Data entries
╔══

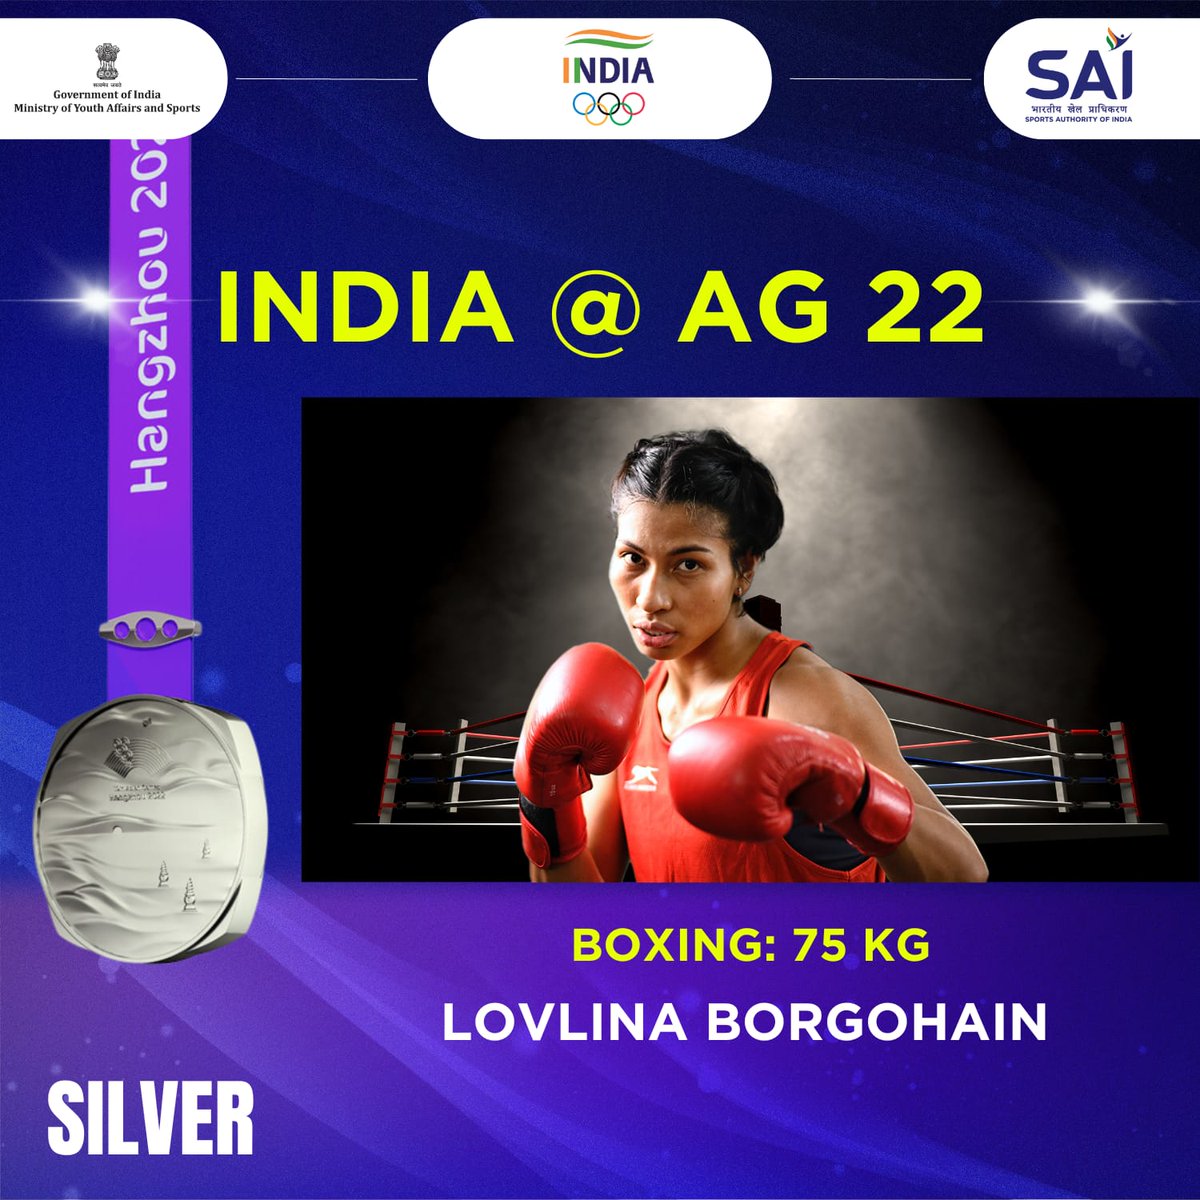 SHINING SILVER🥈 FOR LOVLINA🌟

🇮🇳's Boxer and #TOPSchemeAthlete @LovlinaBorgohai wins the SILVER 🥈medal in the Women's 75 kg category 🇮🇳🏅

Her incredible prowess in the ring shines brighter than ever. Let's give her a thunderous round of applause! 🥳💪

Congratulations,…
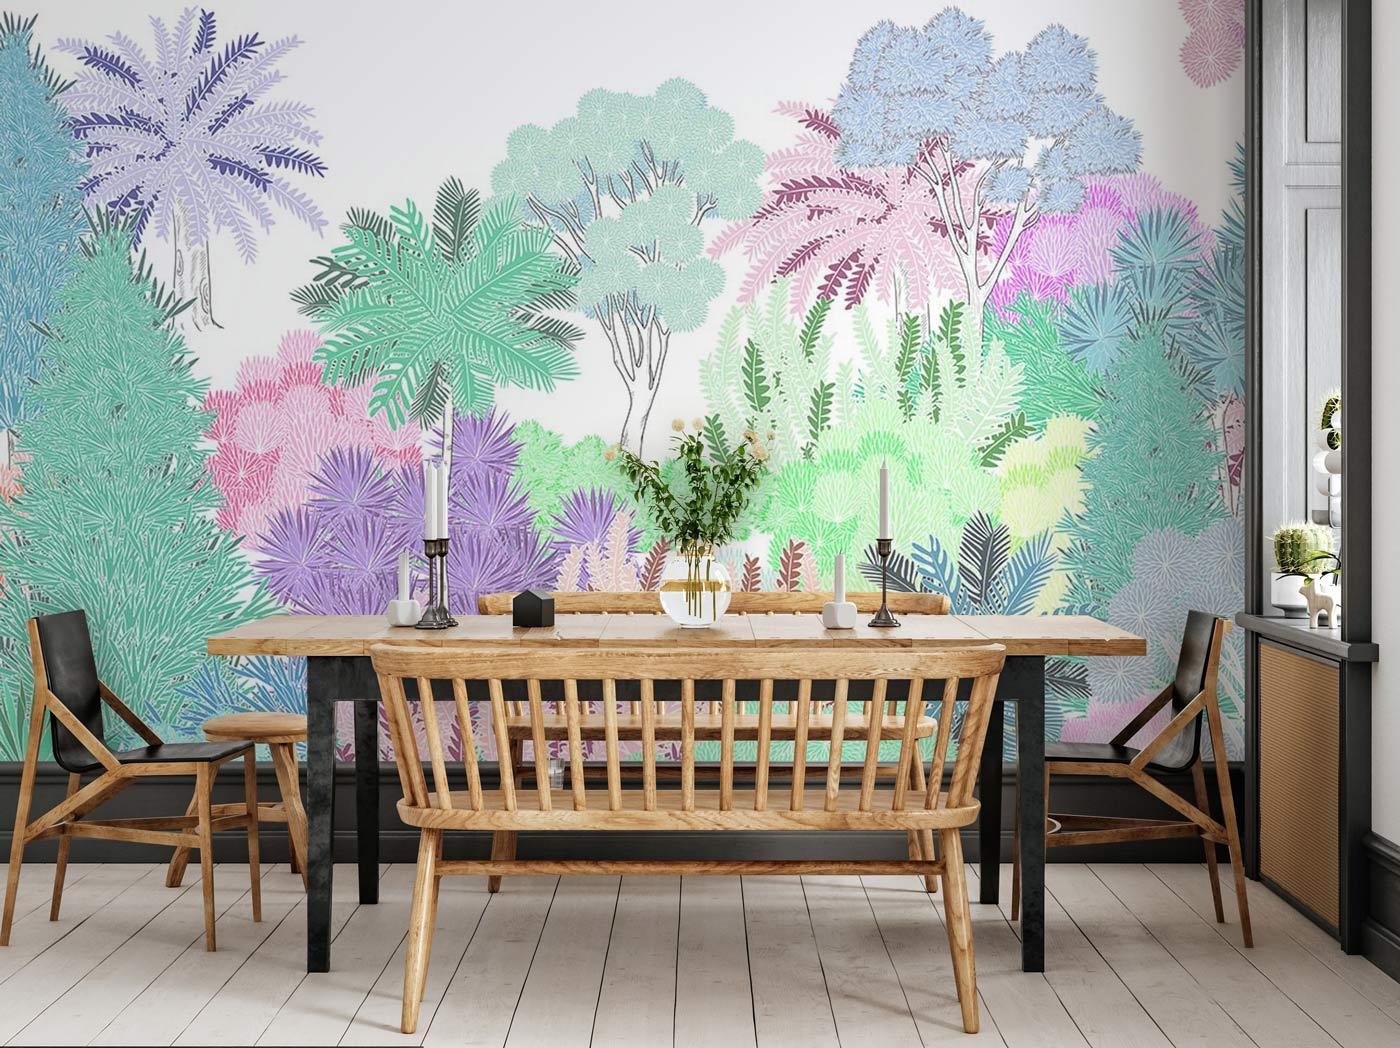 Wallpaper mural with a sketch of trees for the dining room's decor.

╚══

In the entries above, find the line containing "kg category 🇮🇳🏅"; transcribe exactly that line and every line after it through the end, and only those, omitting pictures.

🇮🇳's Boxer and #TOPSchemeAthlete @LovlinaBorgohai wins the SILVER 🥈medal in the Women's 75 kg category 🇮🇳🏅

Her incredible prowess in the ring shines brighter than ever. Let's give her a thunderous round of applause! 🥳💪

Congratulations,…
 Wallpaper mural with a sketch of trees for the dining room's decor.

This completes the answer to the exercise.